Plusieurs obstacles courants peuvent être mis en évidence dans le discours du patient :

  •  l'impression que ça ne va rien changer (le désespoir)

  •  la stigmatisation

  • les craintes d'intrusion

  • la peur du changement

  • la peur de l'hospitalisation et de la médication.

Le clinicien devra faire attention à l'ensemble de ces signaux et s'adapter à la vitesse et aux besoins du patient. Il est important de souligner qu'il n'est pas nécessaire que le patient se reconnaisse psychotique pour travailler avec lui, la reconnaissance n'est pas nécessaire à l'intervention ; par contre, professionnel et patient doivent se rejoindre sur l'aide et les objectifs des séances afin d'éviter la vision traumatique de l'expérience. En effet, le patient peut ne plus vouloir en reparler et la thérapie peut-être mal vécue pour cette raison.

La famille elle-même peut devenir un obstacle, il sera important de ne pas la négliger. Ou, dans certains cas, il existe des « folies à deux », c'est le cas des adolescents et de leur mère dite schizotypique. Il existe aussi des obstacles liés au thérapeute : le malaise, le manque d'ajustement thérapeutique et au rythme du patient, la crainte de la confrontation ou, plus particulièrement la crainte de cautionner si l'on ne confronte pas et, enfin, la banalisation du vécu du patient s’avérerait contreproductif.

 

Antipsychotiques chez l'enfant et l'adolescent.

L’évolution vers la prescription de psychotropes à large sceptre est-elle justifiée par l'évidence ?


 Le samedi 28 novembre, près de deux cents personnes se sont réunies pour assister aux différents exposés. La salle était comble de psychologues cliniciens en formation ou déjà fort expérimentés, mais aussi de chercheurs et de médecins. Cinq mini-conférences d'environ 3/4 d'heure, prolongées par les questions de l'auditoire ont rempli la journée.


 Nous retrouvons le Dr Holzer, qui, en moins d'une heure, a abordé une question au travers de son expérience clinique et de recherches empiriques. Cette présentation concernait l'utilisation des antipsychotiques chez l'enfant et l’adolescent. La justification et la pertinence de la prescription de psychotropes à large spectre en était le fil conducteur.

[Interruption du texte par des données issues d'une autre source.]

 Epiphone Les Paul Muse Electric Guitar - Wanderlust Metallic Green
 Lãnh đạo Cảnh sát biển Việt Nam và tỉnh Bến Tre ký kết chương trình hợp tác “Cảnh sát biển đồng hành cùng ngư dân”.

Avant de commencer cette partie, nous aimerions rappeler au lecteur les caractéristiques et différences principales existants entre antipsychotiques de première et de seconde génération, ou typique et atypique. Les antipsychotiques de première génération, qualifiés de typiques, comme la chlorpromazine, sont des neuroleptiques qui ont une action qui cible principalement les symptômes positifs. Le médicament a pour effet principal de bloquer les récepteurs à la dopamine. Les antipsychotiques de seconde génération ou atypiques, sont plus spécifiques et auraient moins d'effets secondaires, La Clozapine (Leponex) fait partie de cette famille de neuroleptiques. Ceux-ci sont associés à une action ciblant les symptômes positifs, mais aussi certains symptômes négatifs, par une action du médicament sur les récepteurs de la sérotonine et sur la dopamine.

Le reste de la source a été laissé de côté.